Филипон, окончательно поверив в Домье, пригласил его постоянно сотрудничать в «Карикатюр», где Оноре давно уже стал своим человеком. Дни, полные напряженной работы, летели с такой быстротой, что Домье их не замечал. Дело увлекало его, он забывал об отдыхе. И, кроме того, нужны были деньги — много денег, чтобы выплачивать штраф, чтобы хоть как-то расплатиться с долгами, чтобы жить, чтобы кормить отца и мать. Приходилось выжимать из себя все силы и влезать в новые долги.

Впрочем, мало кто из сотрудников газеты мог похвастаться хорошими доходами: «Карикатюр» платила больше штрафов, чем гонораров.

Однажды Домье встретился у кассы с Бальзаком. Опустив в карман несколько луидоров очередного аванса, Бальзак сказал Домье, глядя на него усталыми, воспаленными от бессонницы глазами:

— Если вы хотите стать великим человеком, делайте долги.

Эта фраза в устах писателя, переживавшего медовые месяцы славы, удивила Домье. Только потом он узнал, с каким страшным напряжением работал Бальзак, чтобы освободиться от опутавших его долгов, и еще раз подумал о том, что путь настоящего художника усеян не розами, а скорее ломбардными квитанциями и неоплаченными счетами.

Что же касается данного Бальзаком совета, Оноре уже давно начал ему следовать. Денег постоянно не хватало. Семья Домье задолжала больше шестисот франков за квартиру, не говоря о других долгах. Оноре тоже пришлось подписать несколько векселей.

Усталость, нервное напряжение последних месяцев, хроническое безденежье давали себя знать. Домье побледнел, осунулся, лицо его утратило юношескую округлость, жестче стала складка губ. Но он не терял бодрости, по-прежнему тщательно чистил башмаки, берег свой единственный приличный сюртук, аккуратно причесывал пушистые волосы и повязывал выцветший галстук не без некоторого щегольства.
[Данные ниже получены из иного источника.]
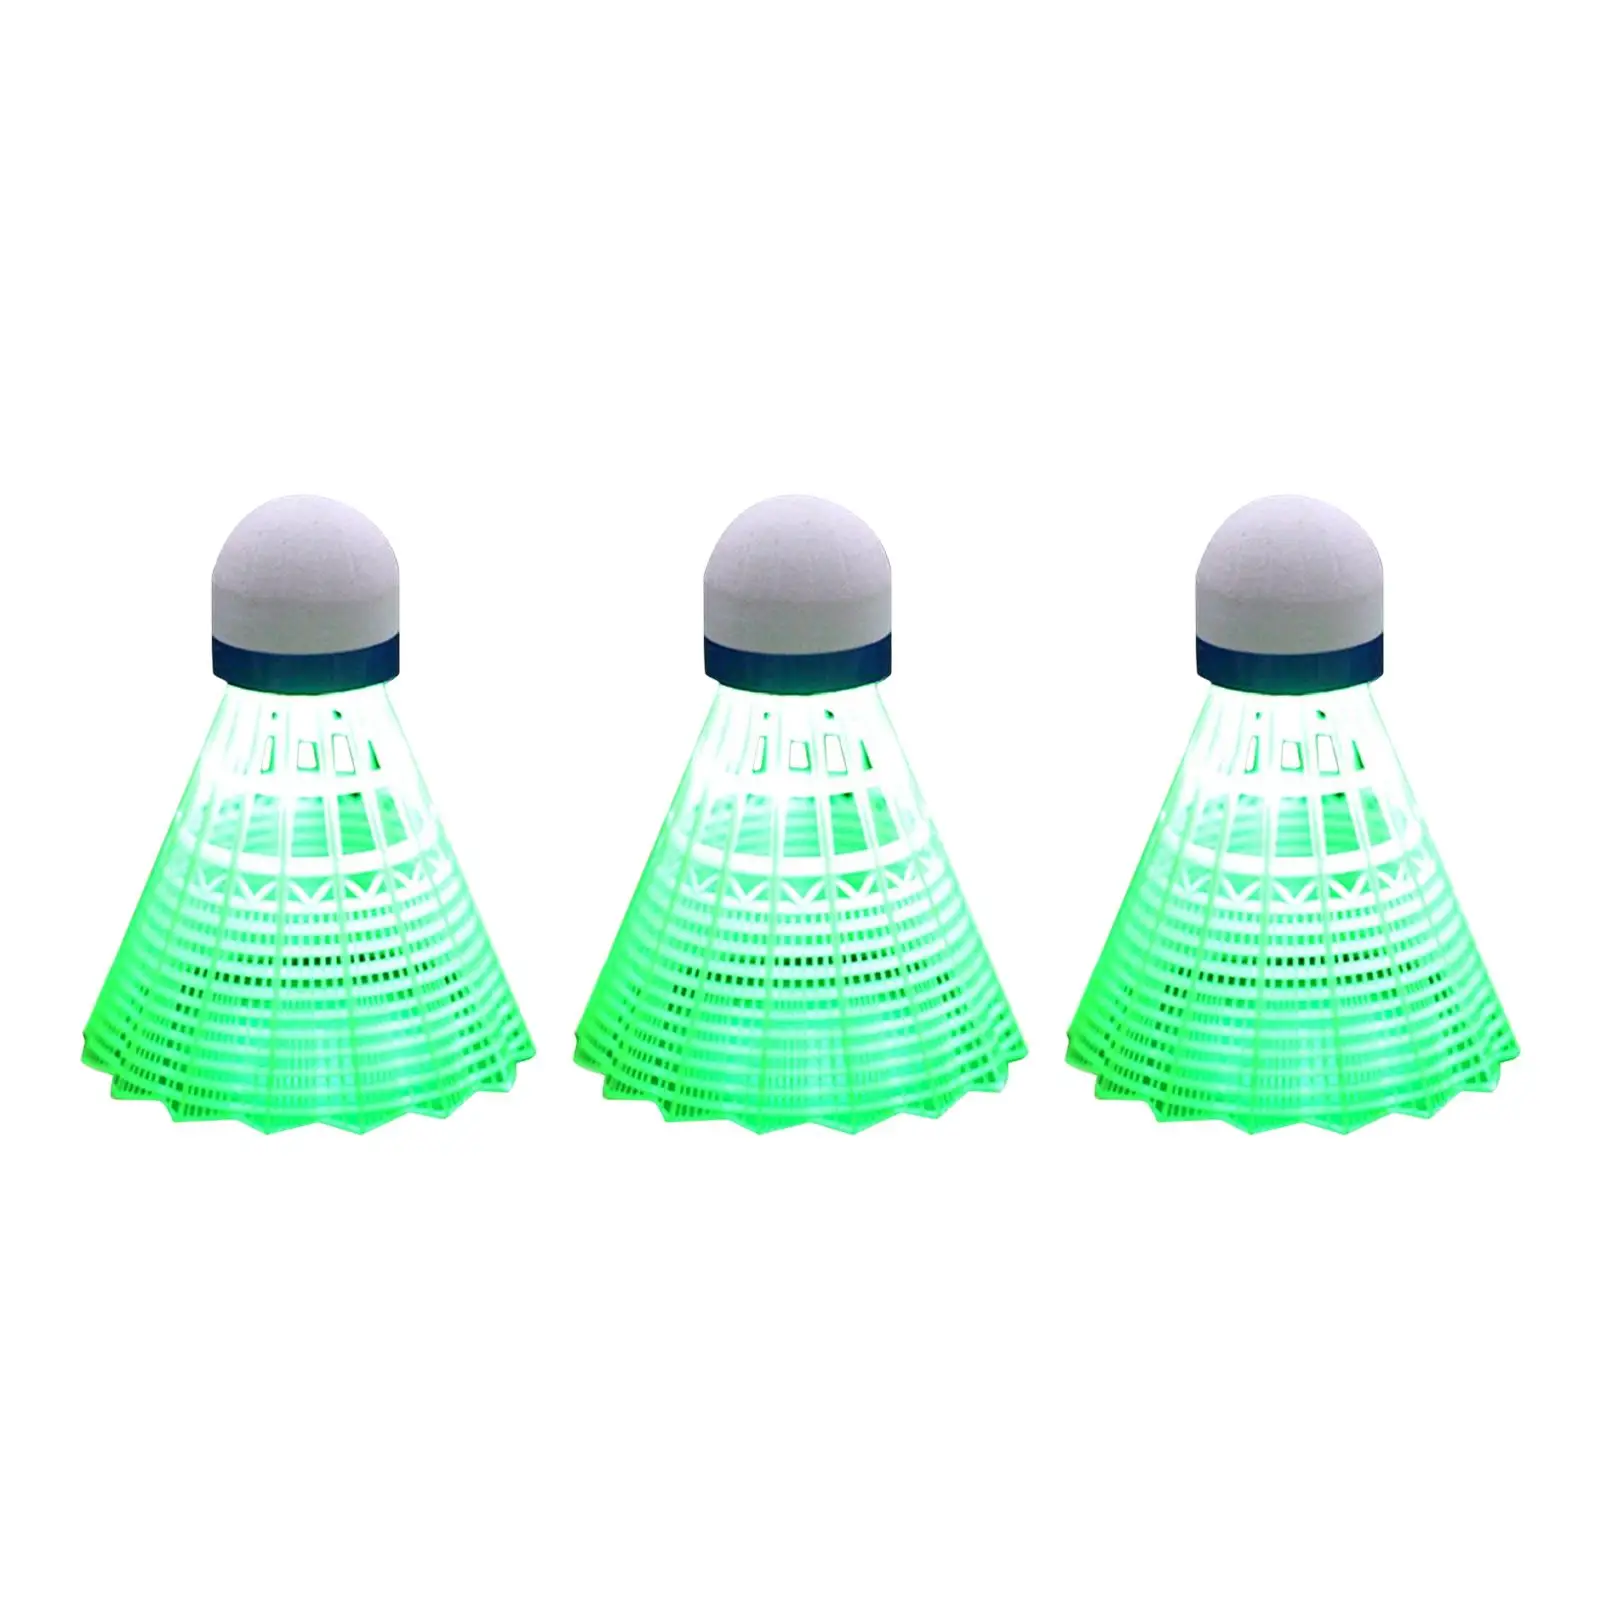 3Pcs Nylon LED Badminton Shuttlecocks Light up Birdies Great Stability for Game Outdoor Indoor Sports Activities Fitness Yard

Оноре огорчало, что спешка мешала ему работать с должной тщательностью. Нередко острая, интересная тема выливалась в обычный скучноватый рисунок, похожий на сотни других. Так, например, произошло с литографией «Кошмар». Домье изобразил старого генерала Лафайета, того самого, который в июльские дни помог Луи Филиппу взобраться на трон. Лафайет спал на диване, задыхаясь под тяжестью огромной груши. Король так и не простил генералу его блестящей, незапятнанной репутации и, главное, того, что был ему многим обязан Как раз в эти дни Луи Филипп уволил Лафайета с поста начальника Национальной гвардии. Не решившись прямо дать Лафайету отставку, король просто упразднил его должность. Парижане были возмущены. Карикатура появилась вовремя. Умные зрители видели в литографии не столько карикатуру на Лафайета, сколько на всех тех, кто легкомысленно верил в доброту и честность короля.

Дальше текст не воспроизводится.